Getting token works at node: aws ecr get-login-password --region us-west-2

Fetching image via ./crictl works fine from node

VikramPunnam commented 1 year ago

hi @interair

Hi, We are also having same issue in our environment..

The kubelet is able to pull all system images(amazon-k8s-cni-init, amazon-k8s-cni) except pause image as given below.

Failed to create pod sandbox: rpc error: code = Unknown desc = failed to get sandbox image "900889452093.dkr.ecr.ap-south-2.amazonaws.com/eks/pause:3.5": failed to pull image "900889452093.dkr.ecr.ap-south-2.amazonaws.com/eks/pause:3.5": failed to pull and unpack image "900889452093.dkr.ecr.ap-south-2.amazonaws.com/eks/pause:3.5": failed to resolve reference "900889452093.dkr.ecr.ap-south-2.amazonaws.com/eks/pause:3.5": pulling from host 900889452093.dkr.ecr.ap-south-2.amazonaws.com failed with status code [manifests 3.5]: 401 Unauthorized

Fetching image via ./crictl is not a possible solution in production kind of environment,

Can anyone help me, please?

hamdallahjodah commented 1 year ago

any updates here same issue!!

jdn5126 commented 1 year ago

@VikramPunnam @hamdallahjodah @interair @ddl-slevine I am not familiar with this issue, and it is not an issue with the VPC CNI, so I suggest opening an AWS support case to get help.
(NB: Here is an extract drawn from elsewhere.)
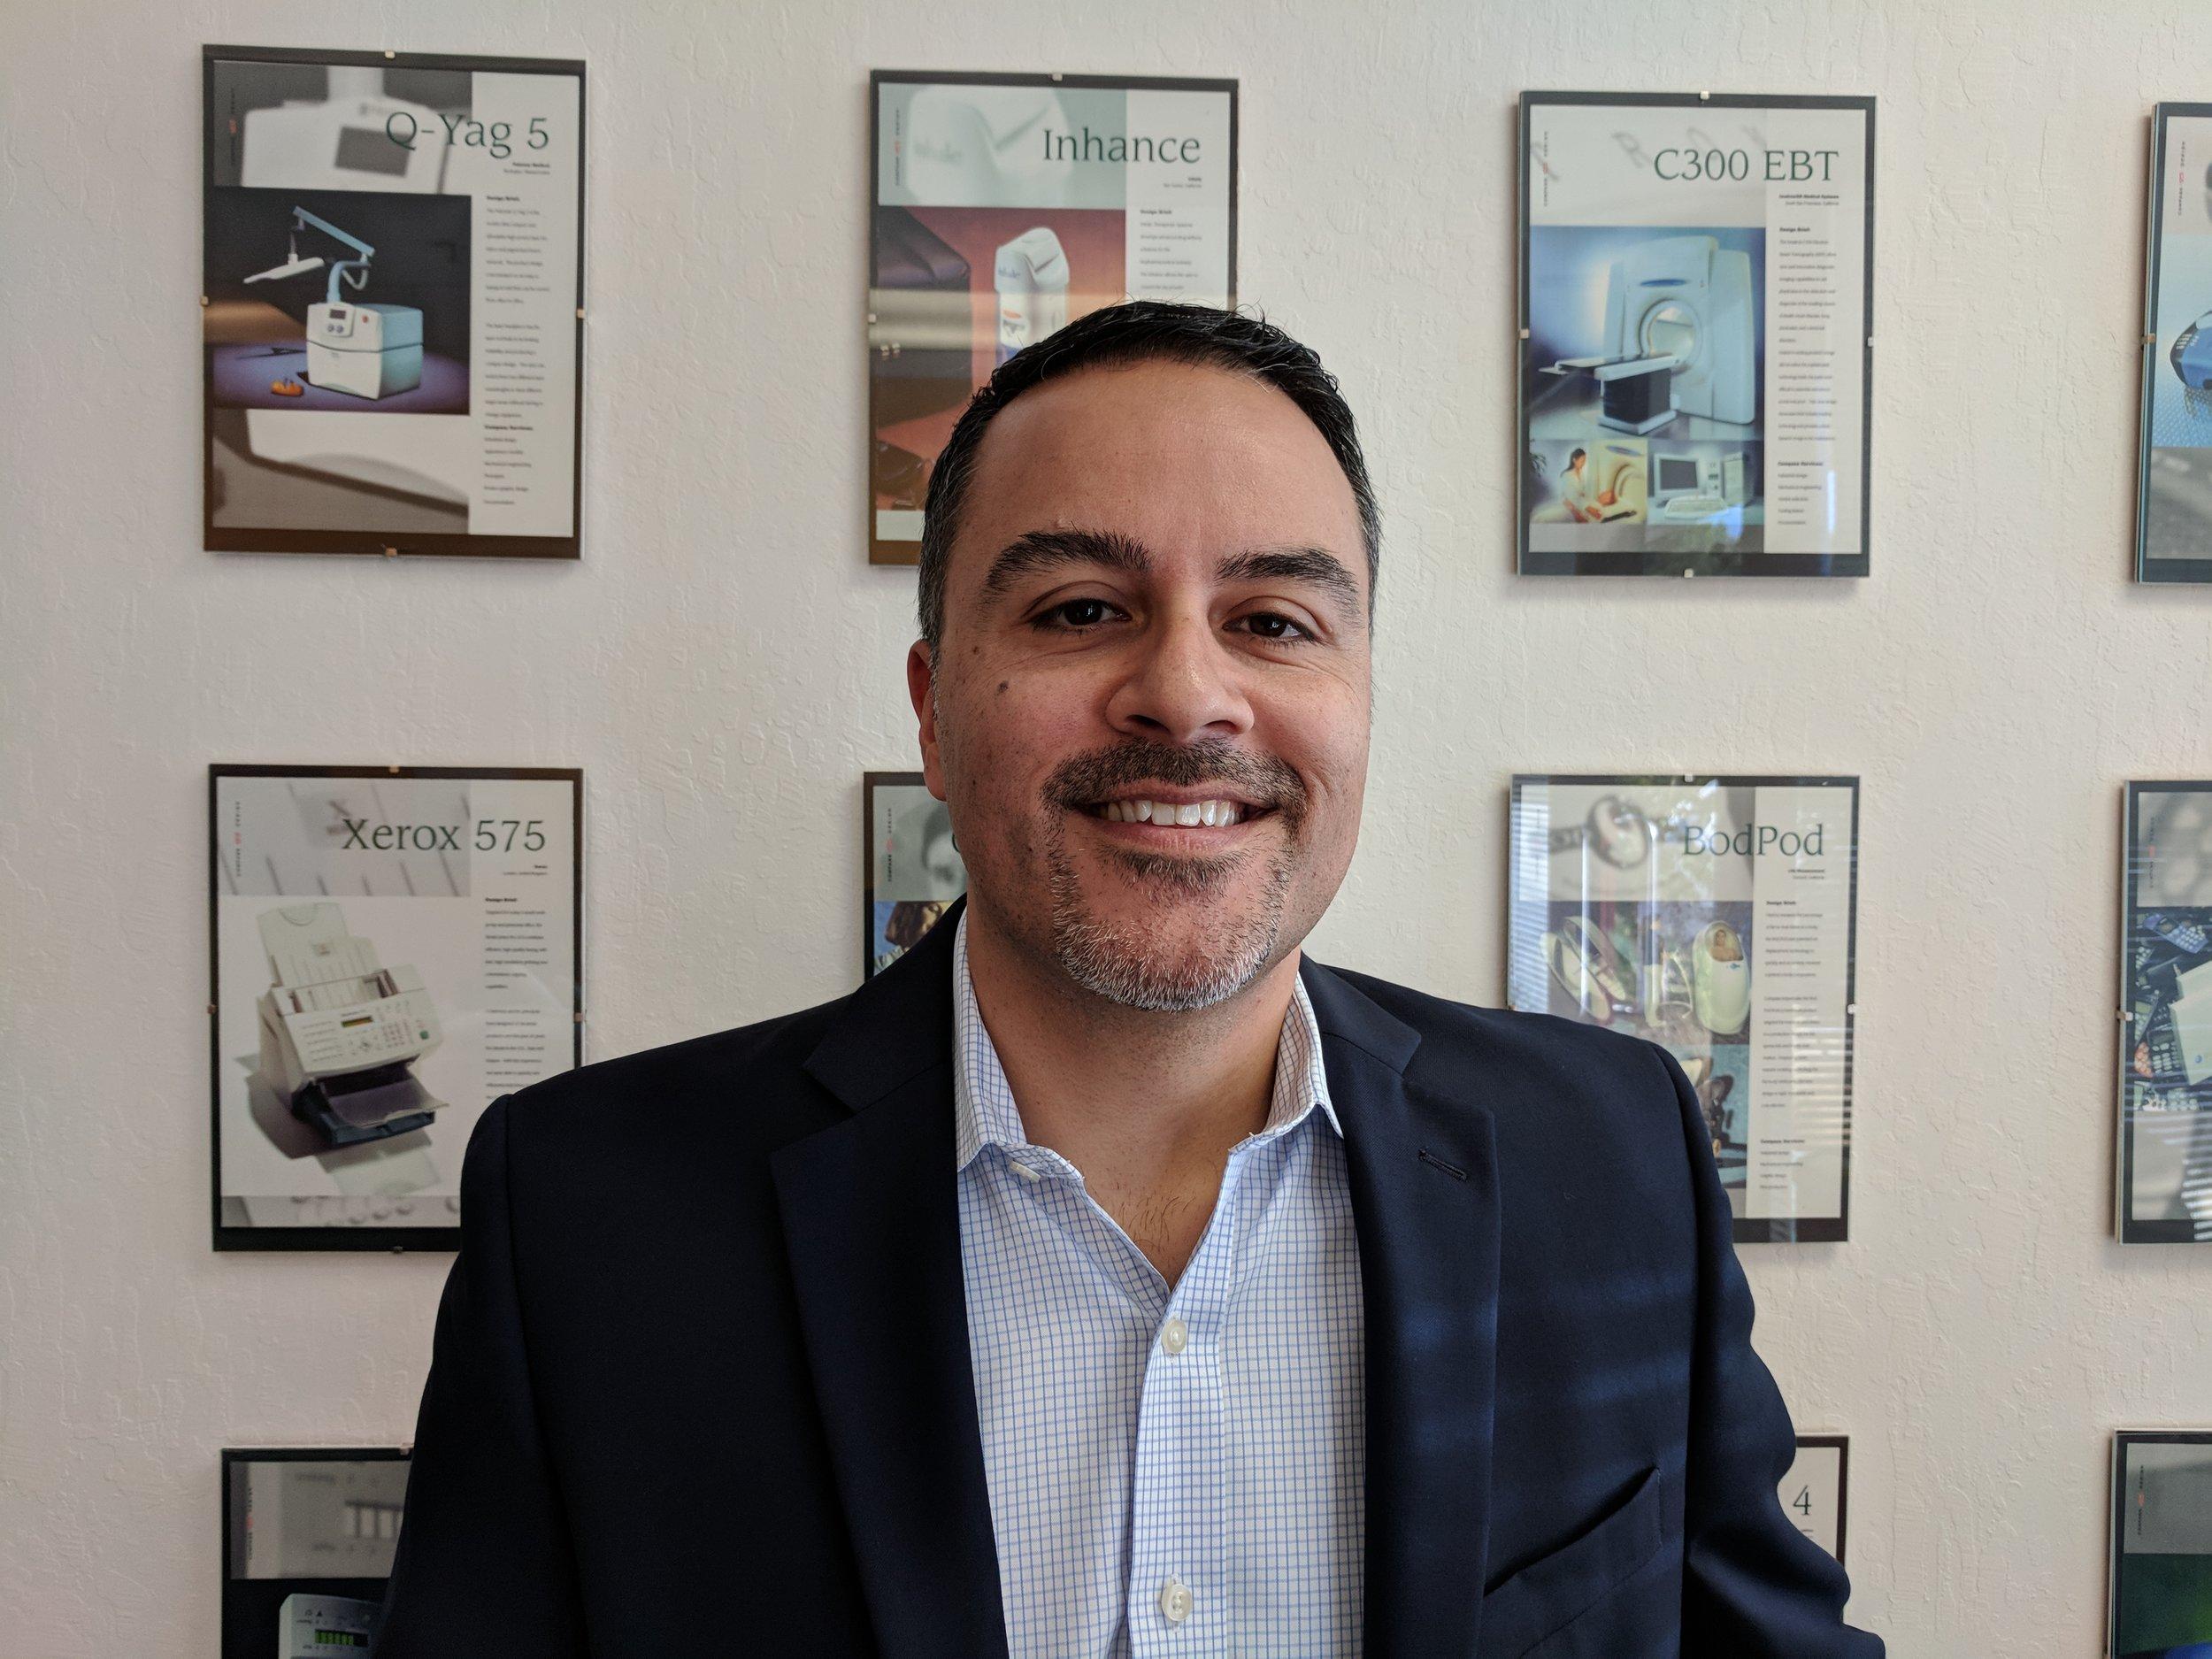 Mustafa Hossaini

That will be the fastest way to a resolution, and you can your findings here.

ohrab-hacken commented 10 months ago

I am have the same issue when upgrade to 1.29. Some node can download pause image, but some node cannot. So all pods no the node just hung in create state. Doesn't understand why pause image have 401 only some times.

elvishsu66 commented 9 months ago

We also have this issue after upgrading to 1.29. Do we have a few good hints so I can start digging?

nightmareze1 commented 9 months ago

I have the same issue with EKS 1.29 :(

pjanouse commented 9 months ago

I've observed the same after v1.29 upgrade today too. Tried to re-place an affected compute node with the fresh one and it seems helped (at least for awhile). So far so good...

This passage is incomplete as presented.